Here we are at the outsider, among other things into this risky ranking. Comics is an art form superior to cinema and theater because it proposes a symbiosis between written word and image that leaves the reader’s imagination wide margins of personal inventiveness to recreate in the mind the reference scenario, the psychology of the characters, the references in the plot. The fruition then, as in the reading of a poem, can be modulated according to the desire that one has to steal stimuli from the printed page. Sometimes quotations, references, “simple” virtuosities (literary but, above all, graphics) can only be appreciated through a congenial reading rhythm.
Perhaps the seventh place is unfair for the theater that requires a lot of commitment and dedication to those who practice it, it also gives joy and strong sensations to those who are spectators. But a theatrical performance is always a performance in itself, unique and not replicable (although the companies perform the same show even for years). A play does not have an absolute value, so every time you want to try again the emotions of a show you’ve already seen, you just need to check that it is set up again this year. This is because even Shakespeare, in the hands of shoddy actors or questionable direction, could lose its reach. That said you’ve never seen bad shows but, if you don’t want to separate the theatrical text (which would otherwise fall into poetry or literature) from the quality of the acting, you would have a hard time determining which work you liked best. This consideration could also apply to dance, if I had attended the right number of ballets.
Cinema is the cross and delight of our age. Cross because it is often a topic of conversation as if it were more important to comment on the last film rather than the last novel read. Even, some “penultimate” film seen (retrieved from the past) which, in terms of depth, would be more deserving of deepening. Delightful, at the same time, because films are an easy-to-eat form of entertainment (television series could also fall into the category, why not).
Unfortunately it is precisely this nature of consumer entertainment, rather than an art form, that dwarfs them in the rankings. A film presents its viewer with two pre-packaged hours of sounds, images, plots. In this vortex of sensations there is little room for the viewer’s individual elaboration.
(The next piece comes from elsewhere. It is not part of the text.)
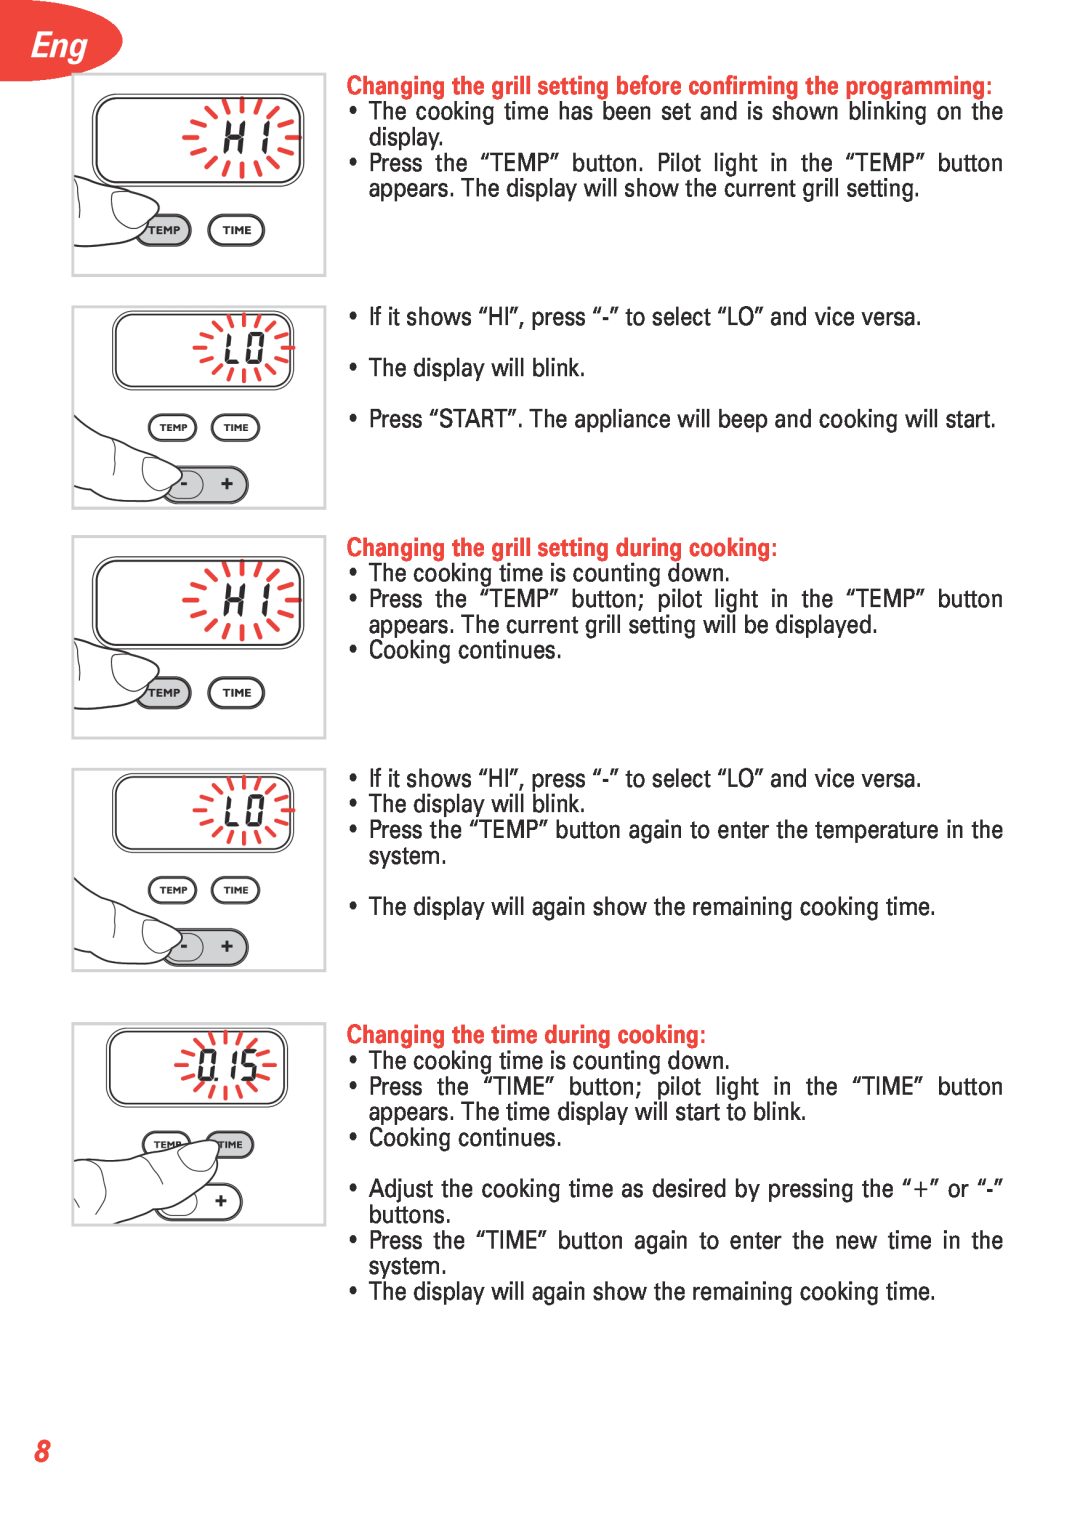 T-Fal 5252 manual Changing the grill setting during cooking, Changing the time during cooking 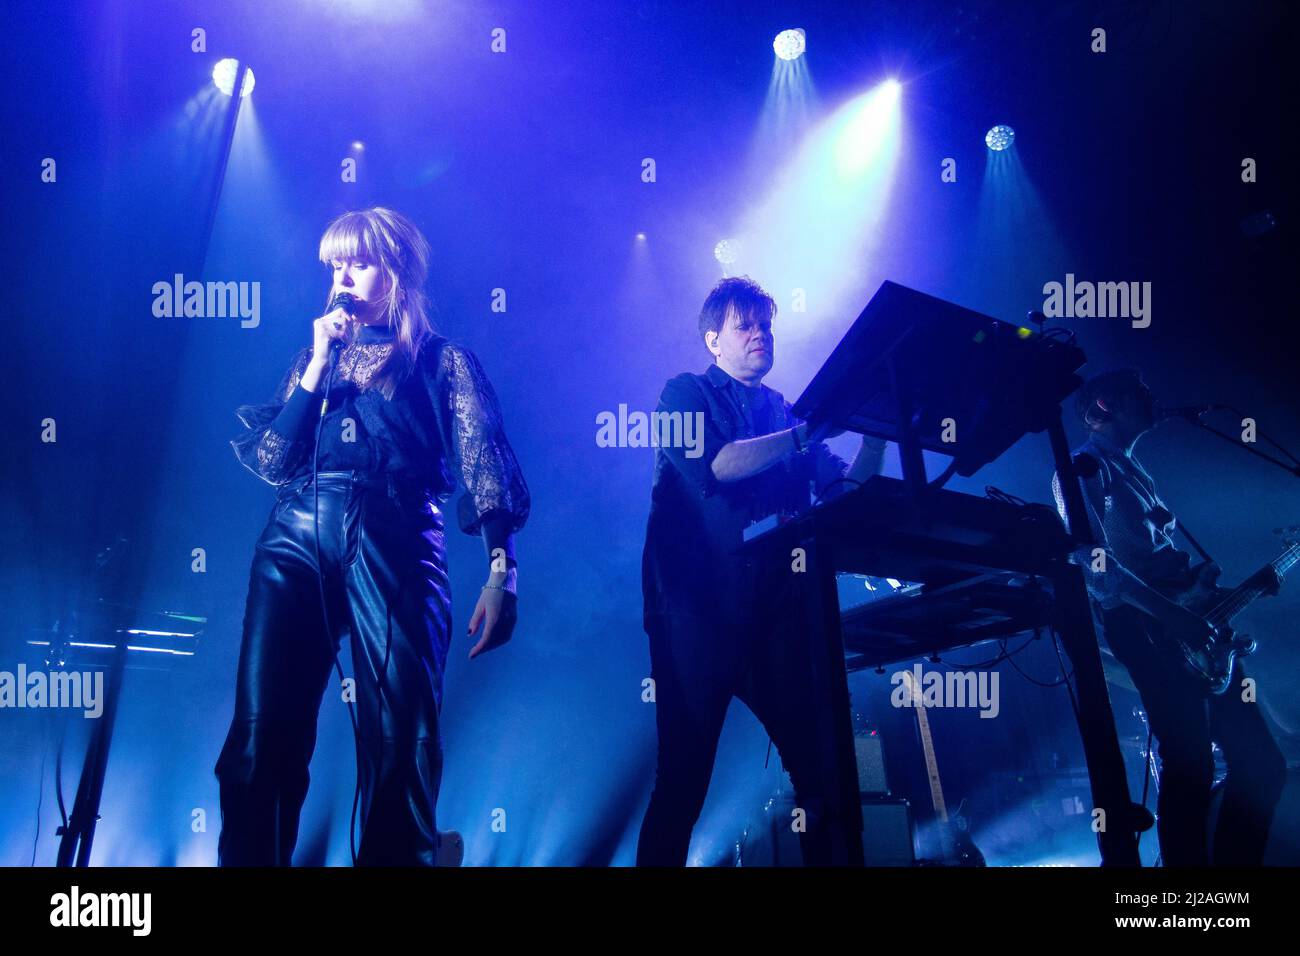 Oslo, Norway. 29th, March 2022. The Danish composer, music producer and electronic musician Trentemoller performs a live concert at Rockefeller in Oslo. Here Anders Trentemøller is seen live on stage with vocalist Disa. (Photo credit: Gonzales Photo - Per-Otto Oppi). Stock Photo

Many palaces, both residential and non-residential construction works, are real pleasures to the eye; sometimes the spirit also benefits, when there is harmony with the surrounding environment (especially if this environment is challenging, such as natural landscapes or buildings from past eras). Yet the fact of having a function (letting people live, hosting offices, exhibiting works of art, gathering fans of various sports, celebrating worship ceremonies), places architecture in a different category compared to the previous eight artistic expressions.
The precedents do not play a necessary role in society, they are simply useless (if the measure of profit is its contribution to human survival or to the provision of services to human society). This is why the last place, as if the daring to combine usefulness and aesthetics, social function and beauty were an offense; almost a betrayal with respect to the very idea of art, understood as a spiritual elevation with respect to the prosaic daily tasks.